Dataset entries
━━━━━━━━━━━━━━━━━━━━
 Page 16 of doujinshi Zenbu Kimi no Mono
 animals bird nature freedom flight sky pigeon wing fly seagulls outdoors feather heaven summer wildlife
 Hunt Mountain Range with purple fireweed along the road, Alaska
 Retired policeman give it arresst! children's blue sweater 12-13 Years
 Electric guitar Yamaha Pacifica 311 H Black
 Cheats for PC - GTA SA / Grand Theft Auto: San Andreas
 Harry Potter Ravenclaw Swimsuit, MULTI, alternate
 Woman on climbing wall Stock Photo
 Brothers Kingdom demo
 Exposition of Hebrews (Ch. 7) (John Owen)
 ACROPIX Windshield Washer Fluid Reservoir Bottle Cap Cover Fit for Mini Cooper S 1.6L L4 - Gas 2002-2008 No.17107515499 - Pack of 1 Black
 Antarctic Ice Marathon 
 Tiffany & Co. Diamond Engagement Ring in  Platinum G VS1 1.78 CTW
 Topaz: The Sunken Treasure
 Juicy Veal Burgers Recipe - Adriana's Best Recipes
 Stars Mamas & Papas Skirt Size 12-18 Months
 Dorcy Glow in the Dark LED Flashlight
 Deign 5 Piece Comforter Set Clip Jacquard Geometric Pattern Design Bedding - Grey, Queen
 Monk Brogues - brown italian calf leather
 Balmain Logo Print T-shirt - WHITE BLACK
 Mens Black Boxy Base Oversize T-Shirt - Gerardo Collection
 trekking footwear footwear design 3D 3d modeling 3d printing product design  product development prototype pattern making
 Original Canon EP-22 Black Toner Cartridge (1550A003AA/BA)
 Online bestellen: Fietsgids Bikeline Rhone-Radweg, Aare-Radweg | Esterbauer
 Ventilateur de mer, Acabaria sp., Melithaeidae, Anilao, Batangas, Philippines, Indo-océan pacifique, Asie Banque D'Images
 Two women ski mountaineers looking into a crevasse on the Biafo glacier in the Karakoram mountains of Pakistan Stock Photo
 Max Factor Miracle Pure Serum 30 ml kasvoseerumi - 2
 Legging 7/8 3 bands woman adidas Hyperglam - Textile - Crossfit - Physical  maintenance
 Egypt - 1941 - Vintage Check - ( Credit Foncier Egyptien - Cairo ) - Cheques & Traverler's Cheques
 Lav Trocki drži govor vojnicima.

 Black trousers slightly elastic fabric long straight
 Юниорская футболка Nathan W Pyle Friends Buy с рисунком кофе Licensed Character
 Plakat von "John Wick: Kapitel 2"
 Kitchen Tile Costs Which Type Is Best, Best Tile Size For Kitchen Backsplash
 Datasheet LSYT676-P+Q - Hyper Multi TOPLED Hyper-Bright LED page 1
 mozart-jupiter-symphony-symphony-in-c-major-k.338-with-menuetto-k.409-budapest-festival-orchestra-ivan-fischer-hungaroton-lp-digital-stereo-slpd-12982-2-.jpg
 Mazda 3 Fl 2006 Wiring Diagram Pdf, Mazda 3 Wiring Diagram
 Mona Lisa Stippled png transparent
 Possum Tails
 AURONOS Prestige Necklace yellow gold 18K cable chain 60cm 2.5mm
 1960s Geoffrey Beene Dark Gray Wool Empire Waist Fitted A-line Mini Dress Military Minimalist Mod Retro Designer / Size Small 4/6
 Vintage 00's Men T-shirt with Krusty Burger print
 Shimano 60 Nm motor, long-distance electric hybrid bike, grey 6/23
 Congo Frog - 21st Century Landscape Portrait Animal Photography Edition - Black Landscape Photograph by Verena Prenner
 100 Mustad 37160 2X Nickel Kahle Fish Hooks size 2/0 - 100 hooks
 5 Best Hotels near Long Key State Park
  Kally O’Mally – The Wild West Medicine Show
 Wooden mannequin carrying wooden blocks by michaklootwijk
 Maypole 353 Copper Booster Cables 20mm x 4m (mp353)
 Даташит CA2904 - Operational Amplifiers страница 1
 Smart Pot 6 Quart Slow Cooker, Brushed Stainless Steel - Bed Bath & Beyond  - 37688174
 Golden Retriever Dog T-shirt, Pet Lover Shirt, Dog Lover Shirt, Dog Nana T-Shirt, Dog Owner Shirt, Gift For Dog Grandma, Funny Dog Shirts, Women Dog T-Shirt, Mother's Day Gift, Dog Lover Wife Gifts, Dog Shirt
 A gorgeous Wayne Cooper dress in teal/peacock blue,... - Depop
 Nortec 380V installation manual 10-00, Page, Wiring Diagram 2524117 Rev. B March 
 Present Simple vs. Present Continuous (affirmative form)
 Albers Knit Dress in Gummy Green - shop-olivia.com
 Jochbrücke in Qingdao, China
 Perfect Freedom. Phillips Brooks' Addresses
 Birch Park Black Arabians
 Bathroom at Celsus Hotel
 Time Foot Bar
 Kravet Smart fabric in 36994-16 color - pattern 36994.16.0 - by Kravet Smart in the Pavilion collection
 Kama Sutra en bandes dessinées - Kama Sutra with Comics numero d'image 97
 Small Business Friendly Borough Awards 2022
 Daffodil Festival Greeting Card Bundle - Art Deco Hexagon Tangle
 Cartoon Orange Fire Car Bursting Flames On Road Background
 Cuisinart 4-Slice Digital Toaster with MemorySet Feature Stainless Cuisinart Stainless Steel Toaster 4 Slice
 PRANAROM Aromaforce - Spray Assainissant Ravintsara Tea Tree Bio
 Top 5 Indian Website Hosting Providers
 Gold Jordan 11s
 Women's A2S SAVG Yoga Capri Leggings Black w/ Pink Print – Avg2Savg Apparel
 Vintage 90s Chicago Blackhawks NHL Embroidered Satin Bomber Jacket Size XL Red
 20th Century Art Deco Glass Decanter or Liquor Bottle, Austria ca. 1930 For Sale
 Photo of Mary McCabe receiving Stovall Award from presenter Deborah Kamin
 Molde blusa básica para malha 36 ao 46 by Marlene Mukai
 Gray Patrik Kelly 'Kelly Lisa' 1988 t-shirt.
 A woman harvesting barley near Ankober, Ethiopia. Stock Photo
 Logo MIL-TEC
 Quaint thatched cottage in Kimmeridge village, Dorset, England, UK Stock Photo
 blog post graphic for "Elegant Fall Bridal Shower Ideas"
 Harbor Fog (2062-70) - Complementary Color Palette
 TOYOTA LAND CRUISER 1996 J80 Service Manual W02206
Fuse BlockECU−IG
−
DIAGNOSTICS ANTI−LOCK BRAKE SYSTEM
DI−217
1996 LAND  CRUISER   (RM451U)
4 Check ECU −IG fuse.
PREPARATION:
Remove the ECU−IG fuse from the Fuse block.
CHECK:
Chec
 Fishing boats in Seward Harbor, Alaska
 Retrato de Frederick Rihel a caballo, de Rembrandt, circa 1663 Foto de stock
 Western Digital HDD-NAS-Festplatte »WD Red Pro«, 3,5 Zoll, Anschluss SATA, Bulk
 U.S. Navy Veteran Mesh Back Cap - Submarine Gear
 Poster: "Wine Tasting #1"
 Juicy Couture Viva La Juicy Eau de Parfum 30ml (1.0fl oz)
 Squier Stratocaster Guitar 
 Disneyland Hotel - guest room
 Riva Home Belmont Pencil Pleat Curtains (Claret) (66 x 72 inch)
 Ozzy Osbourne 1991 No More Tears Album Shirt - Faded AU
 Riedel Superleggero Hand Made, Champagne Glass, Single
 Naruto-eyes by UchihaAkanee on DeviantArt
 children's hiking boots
━━━━━━━━━━━━━━━━━━━━
■ Problem description ■
Every entry that appears above should be duplicated exactly.

■ Answer area ■
 Page 16 of doujinshi Zenbu Kimi no Mono
 animals bird nature freedom flight sky pigeon wing fly seagulls outdoors feather heaven summer wildlife
 Hunt Mountain Range with purple fireweed along the road, Alaska
 Retired policeman give it arresst! children's blue sweater 12-13 Years
 Electric guitar Yamaha Pacifica 311 H Black
 Cheats for PC - GTA SA / Grand Theft Auto: San Andreas
 Harry Potter Ravenclaw Swimsuit, MULTI, alternate
 Woman on climbing wall Stock Photo
 Brothers Kingdom demo
 Exposition of Hebrews (Ch. 7) (John Owen)
 ACROPIX Windshield Washer Fluid Reservoir Bottle Cap Cover Fit for Mini Cooper S 1.6L L4 - Gas 2002-2008 No.17107515499 - Pack of 1 Black
 Antarctic Ice Marathon 
 Tiffany & Co. Diamond Engagement Ring in  Platinum G VS1 1.78 CTW
 Topaz: The Sunken Treasure
 Juicy Veal Burgers Recipe - Adriana's Best Recipes
 Stars Mamas & Papas Skirt Size 12-18 Months
 Dorcy Glow in the Dark LED Flashlight
 Deign 5 Piece Comforter Set Clip Jacquard Geometric Pattern Design Bedding - Grey, Queen
 Monk Brogues - brown italian calf leather
 Balmain Logo Print T-shirt - WHITE BLACK
 Mens Black Boxy Base Oversize T-Shirt - Gerardo Collection
 trekking footwear footwear design 3D 3d modeling 3d printing product design  product development prototype pattern making
 Original Canon EP-22 Black Toner Cartridge (1550A003AA/BA)
 Online bestellen: Fietsgids Bikeline Rhone-Radweg, Aare-Radweg | Esterbauer
 Ventilateur de mer, Acabaria sp., Melithaeidae, Anilao, Batangas, Philippines, Indo-océan pacifique, Asie Banque D'Images
 Two women ski mountaineers looking into a crevasse on the Biafo glacier in the Karakoram mountains of Pakistan Stock Photo
 Max Factor Miracle Pure Serum 30 ml kasvoseerumi - 2
 Legging 7/8 3 bands woman adidas Hyperglam - Textile - Crossfit - Physical  maintenance
 Egypt - 1941 - Vintage Check - ( Credit Foncier Egyptien - Cairo ) - Cheques & Traverler's Cheques
 Lav Trocki drži govor vojnicima.

 Black trousers slightly elastic fabric long straight
 Юниорская футболка Nathan W Pyle Friends Buy с рисунком кофе Licensed Character
 Plakat von "John Wick: Kapitel 2"
 Kitchen Tile Costs Which Type Is Best, Best Tile Size For Kitchen Backsplash
 Datasheet LSYT676-P+Q - Hyper Multi TOPLED Hyper-Bright LED page 1
 mozart-jupiter-symphony-symphony-in-c-major-k.338-with-menuetto-k.409-budapest-festival-orchestra-ivan-fischer-hungaroton-lp-digital-stereo-slpd-12982-2-.jpg
 Mazda 3 Fl 2006 Wiring Diagram Pdf, Mazda 3 Wiring Diagram
 Mona Lisa Stippled png transparent
 Possum Tails
 AURONOS Prestige Necklace yellow gold 18K cable chain 60cm 2.5mm
 1960s Geoffrey Beene Dark Gray Wool Empire Waist Fitted A-line Mini Dress Military Minimalist Mod Retro Designer / Size Small 4/6
 Vintage 00's Men T-shirt with Krusty Burger print
 Shimano 60 Nm motor, long-distance electric hybrid bike, grey 6/23
 Congo Frog - 21st Century Landscape Portrait Animal Photography Edition - Black Landscape Photograph by Verena Prenner
 100 Mustad 37160 2X Nickel Kahle Fish Hooks size 2/0 - 100 hooks
 5 Best Hotels near Long Key State Park
  Kally O’Mally – The Wild West Medicine Show
 Wooden mannequin carrying wooden blocks by michaklootwijk
 Maypole 353 Copper Booster Cables 20mm x 4m (mp353)
 Даташит CA2904 - Operational Amplifiers страница 1
 Smart Pot 6 Quart Slow Cooker, Brushed Stainless Steel - Bed Bath & Beyond  - 37688174
 Golden Retriever Dog T-shirt, Pet Lover Shirt, Dog Lover Shirt, Dog Nana T-Shirt, Dog Owner Shirt, Gift For Dog Grandma, Funny Dog Shirts, Women Dog T-Shirt, Mother's Day Gift, Dog Lover Wife Gifts, Dog Shirt
 A gorgeous Wayne Cooper dress in teal/peacock blue,... - Depop
 Nortec 380V installation manual 10-00, Page, Wiring Diagram 2524117 Rev. B March 
 Present Simple vs. Present Continuous (affirmative form)
 Albers Knit Dress in Gummy Green - shop-olivia.com
 Jochbrücke in Qingdao, China
 Perfect Freedom. Phillips Brooks' Addresses
 Birch Park Black Arabians
 Bathroom at Celsus Hotel
 Time Foot Bar
 Kravet Smart fabric in 36994-16 color - pattern 36994.16.0 - by Kravet Smart in the Pavilion collection
 Kama Sutra en bandes dessinées - Kama Sutra with Comics numero d'image 97
 Small Business Friendly Borough Awards 2022
 Daffodil Festival Greeting Card Bundle - Art Deco Hexagon Tangle
 Cartoon Orange Fire Car Bursting Flames On Road Background
 Cuisinart 4-Slice Digital Toaster with MemorySet Feature Stainless Cuisinart Stainless Steel Toaster 4 Slice
 PRANAROM Aromaforce - Spray Assainissant Ravintsara Tea Tree Bio
 Top 5 Indian Website Hosting Providers
 Gold Jordan 11s
 Women's A2S SAVG Yoga Capri Leggings Black w/ Pink Print – Avg2Savg Apparel
 Vintage 90s Chicago Blackhawks NHL Embroidered Satin Bomber Jacket Size XL Red
 20th Century Art Deco Glass Decanter or Liquor Bottle, Austria ca. 1930 For Sale
 Photo of Mary McCabe receiving Stovall Award from presenter Deborah Kamin
 Molde blusa básica para malha 36 ao 46 by Marlene Mukai
 Gray Patrik Kelly 'Kelly Lisa' 1988 t-shirt.
 A woman harvesting barley near Ankober, Ethiopia. Stock Photo
 Logo MIL-TEC
 Quaint thatched cottage in Kimmeridge village, Dorset, England, UK Stock Photo
 blog post graphic for "Elegant Fall Bridal Shower Ideas"
 Harbor Fog (2062-70) - Complementary Color Palette
 TOYOTA LAND CRUISER 1996 J80 Service Manual W02206
Fuse BlockECU−IG
−
DIAGNOSTICS ANTI−LOCK BRAKE SYSTEM
DI−217
1996 LAND  CRUISER   (RM451U)
4 Check ECU −IG fuse.
PREPARATION:
Remove the ECU−IG fuse from the Fuse block.
CHECK:
Chec
 Fishing boats in Seward Harbor, Alaska
 Retrato de Frederick Rihel a caballo, de Rembrandt, circa 1663 Foto de stock
 Western Digital HDD-NAS-Festplatte »WD Red Pro«, 3,5 Zoll, Anschluss SATA, Bulk
 U.S. Navy Veteran Mesh Back Cap - Submarine Gear
 Poster: "Wine Tasting #1"
 Juicy Couture Viva La Juicy Eau de Parfum 30ml (1.0fl oz)
 Squier Stratocaster Guitar 
 Disneyland Hotel - guest room
 Riva Home Belmont Pencil Pleat Curtains (Claret) (66 x 72 inch)
 Ozzy Osbourne 1991 No More Tears Album Shirt - Faded AU
 Riedel Superleggero Hand Made, Champagne Glass, Single
 Naruto-eyes by UchihaAkanee on DeviantArt
 children's hiking boots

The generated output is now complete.